It looks as if David Cronenberg’s film adaptation of Don DeLillo’s novel Cosmopolis is becoming somewhat of a revolving door. A few weeks ago we reported that Robert Pattinson had signed on to star in the film, bringing to an untimely end Cosmopolis’ Colin Farrell-era. Fast-forward to today and we’re hearing reports that Keira Knightley may be taking on the film’s female lead, replacing Marion Cotillard in the process.
Kudos to The Playlist for connecting the dots provided by the Cosmopolis fansite which points out that the film’s production company (Alfama Films) now lists Knightley as starring in the project. Knightley recently worked with Cronenberg on A Dangerous Method so perhaps the two developed a rapport that would make this potential move a little less “from left-field.” Of course, we’ll bring you confirmation on the matter as soon as we have it.
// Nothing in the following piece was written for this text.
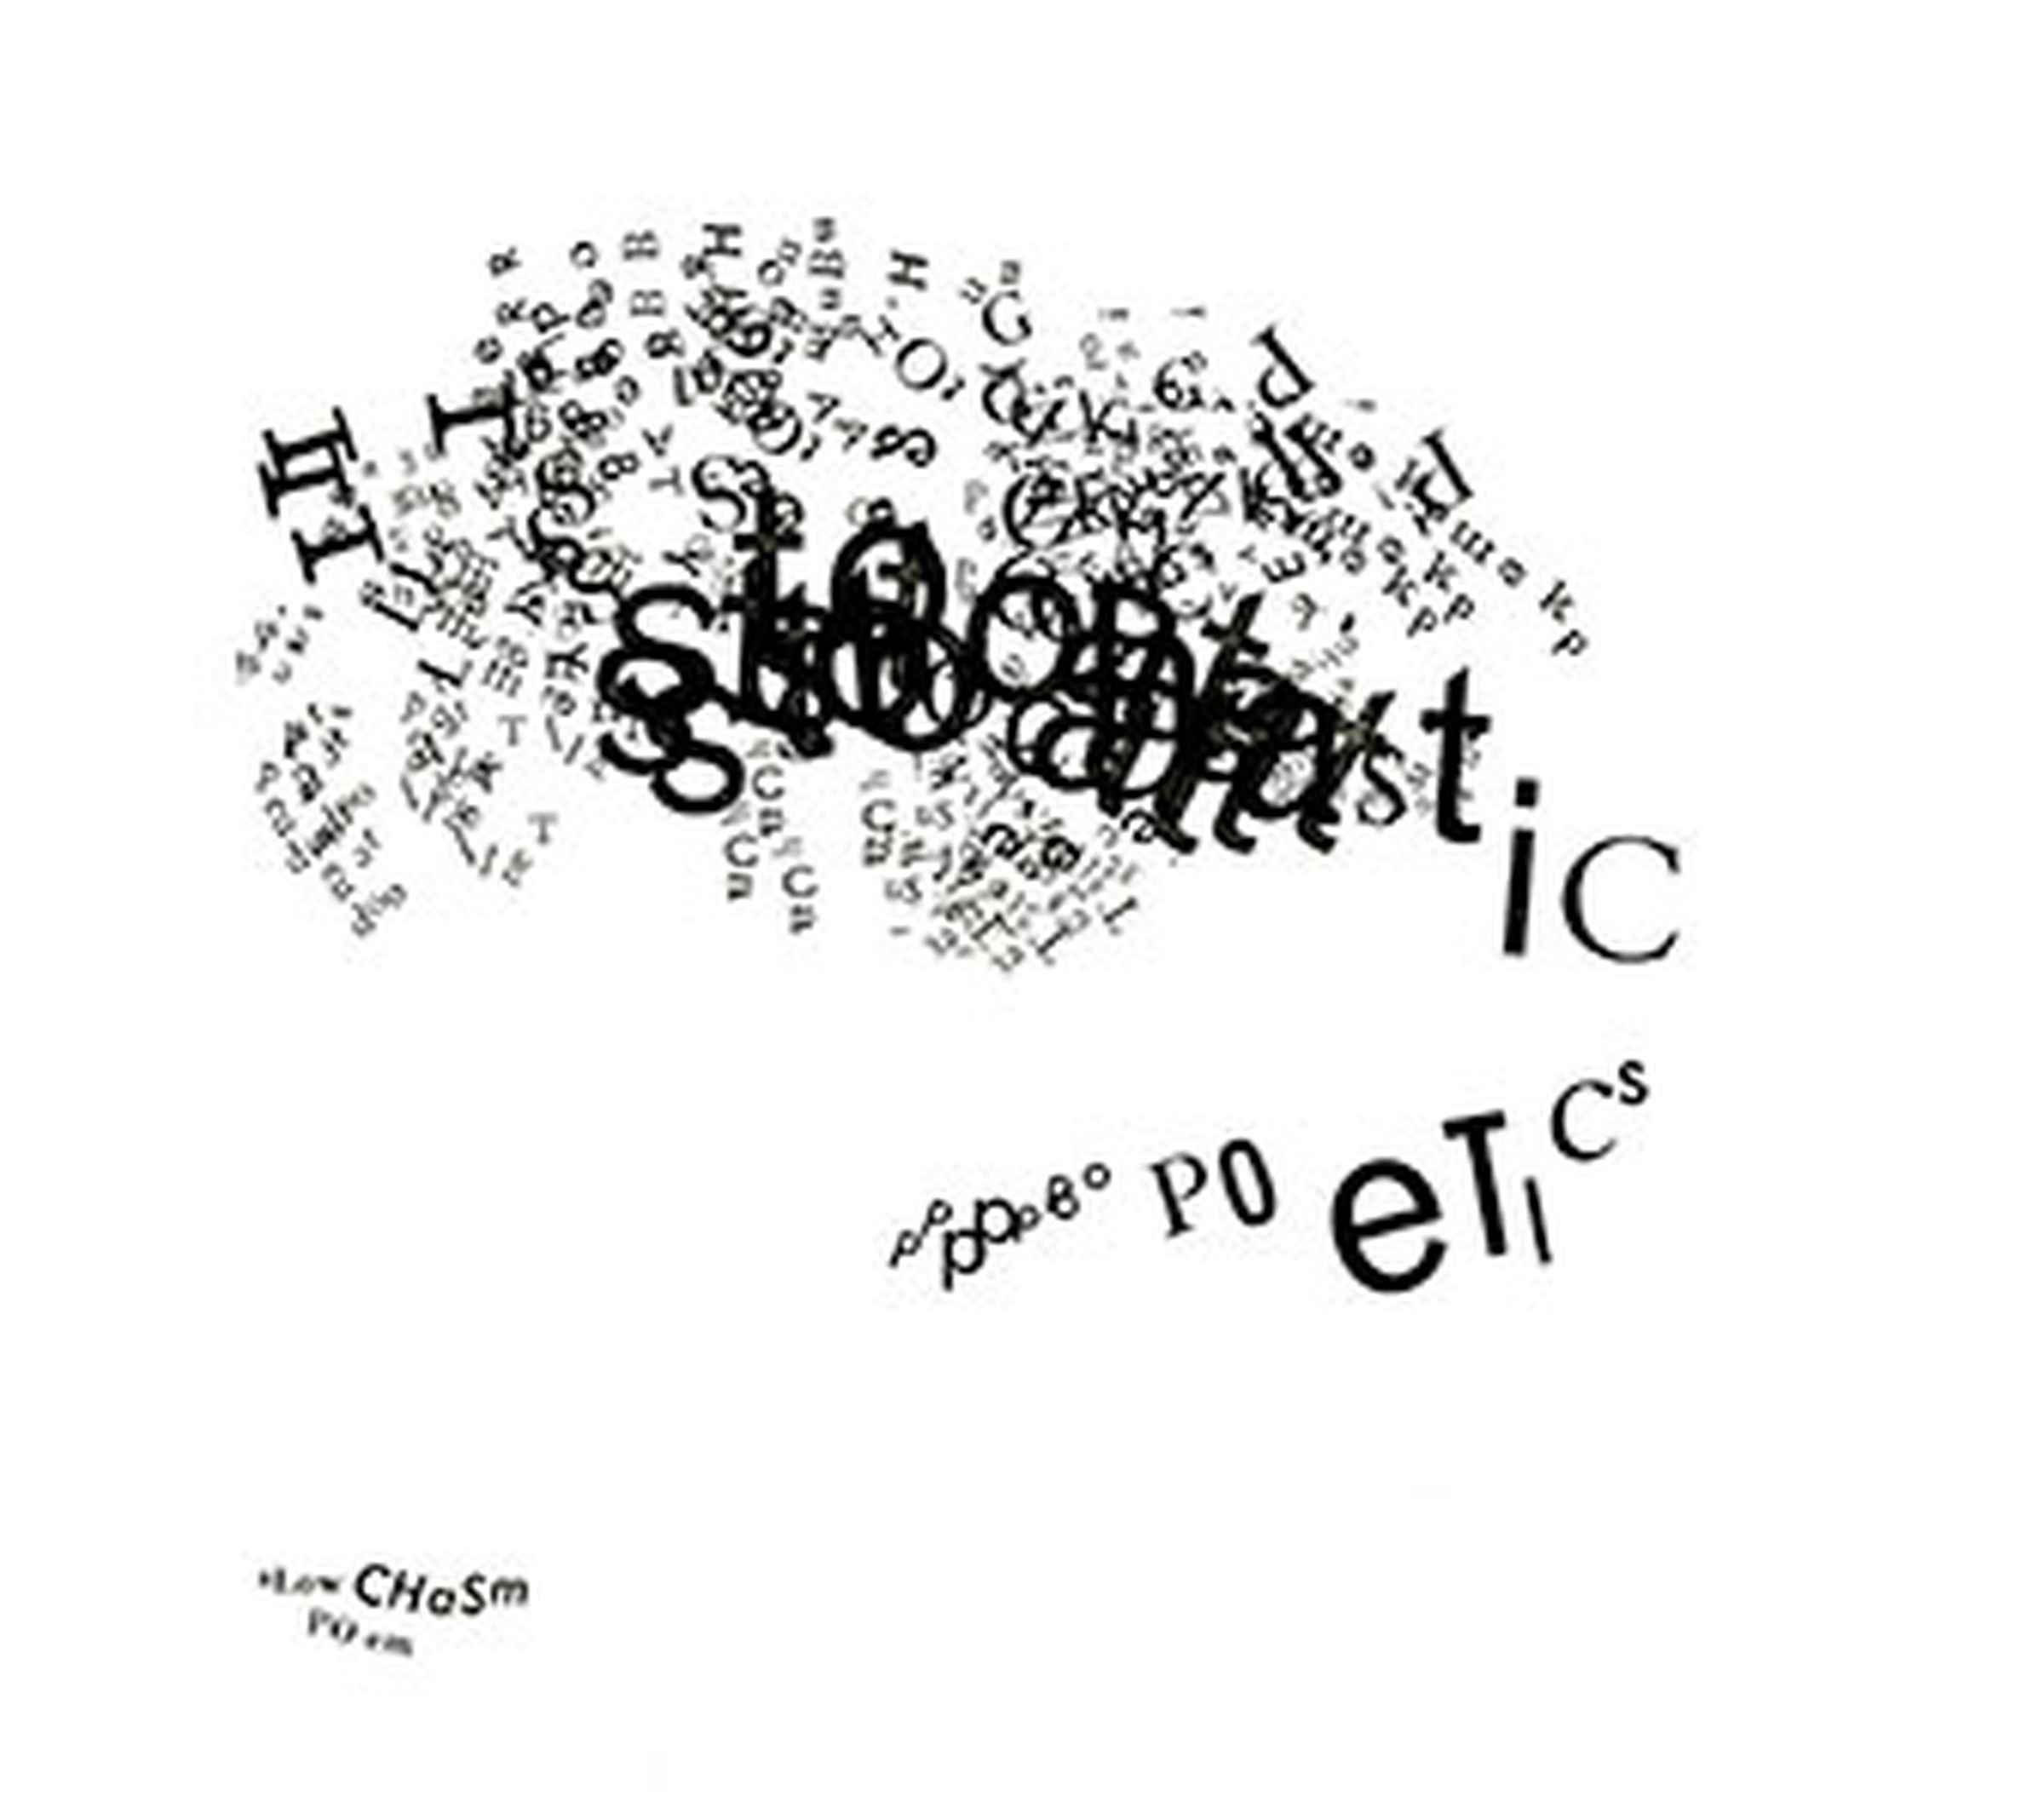 Stochastic Poetics by Johanna Drucker.

Cosmopolis is currently scheduled to begin shooting in Toronto around mid-May. For more, hit the jump to check out a synopsis of DeLillo’s novel.
Here’s a plot summary for Delillo’s Cosmopolis [from Wikipedia]:
Cosmopolis is the story of Eric Packer, a 28 year old multi-billionaire asset manager who makes an odyssey across midtown Manhattan in order to get a haircut. The stretch limo which adorns the cover of the book is richly described as highly technical and very luxurious, filled with television screens and computer monitors, bulletproofed and floored with Carrara marble. It is also cork lined to eliminate (though unsuccessfully, Packer notes) the intrusion of street noise.
Like James Joyce’s Ulysses, Cosmopolis covers roughly one day of time and includes highly sexed women and the theme of father-son separation. Packer’s voyage is obstructed by various traffic jams caused by a presidential visit to the city, a funeral procession for a Sufi rap star and a full-fledged riot. Along the way, the hero has several chance meetings with his wife, seeing her in a taxi, a bookstore, and lying naked in the street, taking part in a movie as an extra. Meanwhile, Packer is stalked by two men, a comical “pastry assassin” and an unstable “credible threat”.
Through the course of the day, the protagonist loses incredible amounts of money for his clients by betting against the rise of the yen, a loss that parallels his own fall. Packer seems to relish being unburdened by the loss of so much money, even stopping to make sure he loses his wife’s fortune as well, to ensure his ruin is inevitable.